We tested the performance of interruptible locks on a shared priority queue. There are three low priority enqueue tasks (of equal priority) and a single high priority dequeue task. This experiment corresponds to several computational tasks providing data for a high priority I/0 task. All four tasks are started under the control of a low priority parent task. The parent and the tasks communicate through message queues.

We compared 4 types of mechanisms.


1. Interruptible Critical Sections: All tasks immediately enter the ICS.

2. Interruptible Locks: The enqueuing tasks set and release a semaphore, the

dequeuing task does not.

3. Non-prioritized Semaphore Locks: All of the tasks acquire a semaphore before

entering the critical section. The semaphore lock is granted on FCFS basis.

4. Prioritized Semaphore Locks: Same as the above, but the semaphore is granted

on a priority basis.


Parameters In the first experiment, each task performs 10,000 enqueue (dequeue) operations, but we stop collecting statistics after any task completes. Each enqueue task spins for 7 ticks (about 70 ms), then executes a 1 tick critical section. The time quantum for a task is 2 ticks. The dequeue task sleeps for 10 ticks before entering a 1 tick critical section.

We collect the time to execute a critical section, and we create histograms that show the frequency that the critical section execution takes a particular amount of time. The performance of the non-prioritized semaphore is shown in Figure 4.3.

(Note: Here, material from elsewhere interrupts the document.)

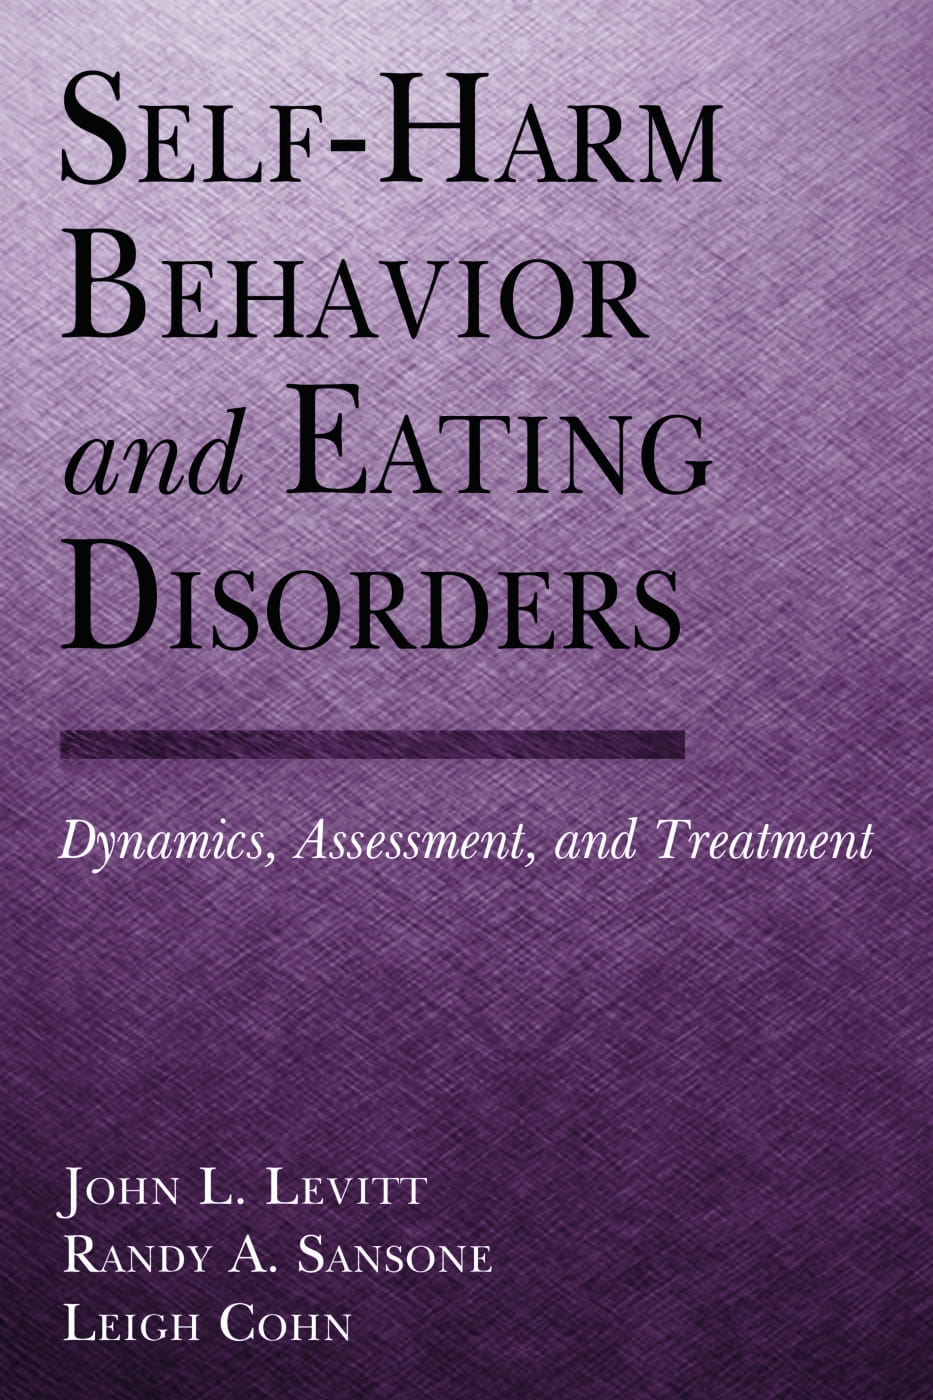 Self-Harm Behavior and Eating Disorders: Dynamics, Assessment and Treatment

The dequeue operation sometime experiences a long delay, and the time to execute enqueue operations is moderate. Since pSOS+ offers prioritized semaphores, a fairer comparison should use them. This data is shown in Figure 4.4. There is a slight decrease in the dequeue and enqueue response times, but still the dequeue operation experiences a long delay a few times. In Figure 4.5, we show the time to execute the enqueue and dequeue critical section using interruptible critical sections. The dequeue operation is always performed without delay, and the enqueue operations perform as well as when using the prioritized semaphores. In Figure 4.6, we use interruptible lock. The performance is comparable to the interruptible critical sections.

Using an ICS can cause poor performance among low priority tasks if the critical sections have a high utilization. In the second experiment, the enqueue task spins for 2 ticks instead of 7 ticks, and then executes a 4 tick critical section. The dequeue task sleeps for 20 ticks and executes a 1 tick critical section. These parameters are selected to exaggerate the conflicts among the tasks, to show the restart problems that using an ICS can cause.

Figure 4.7 shows the time to execute the enqueue and dequeue critical section using interruptible critical sections. We note that the scale on this chart is nonlinear. The dequeue operation is again performed without delay, but the enqueue operation can take an extremely long time to execute. In contrast, Figure 4.8 shows the usage of interruptible locks in which the time to execute an enqueue operation is moderate.

Comparing the interruptible lock and the prioritized semaphore implementations for the critical sections, we find that the interruptible lock eliminates the delay in executing the high priority critical section, while adding only a small delay (in this case about 20%) to the time to execute a low priority critical section.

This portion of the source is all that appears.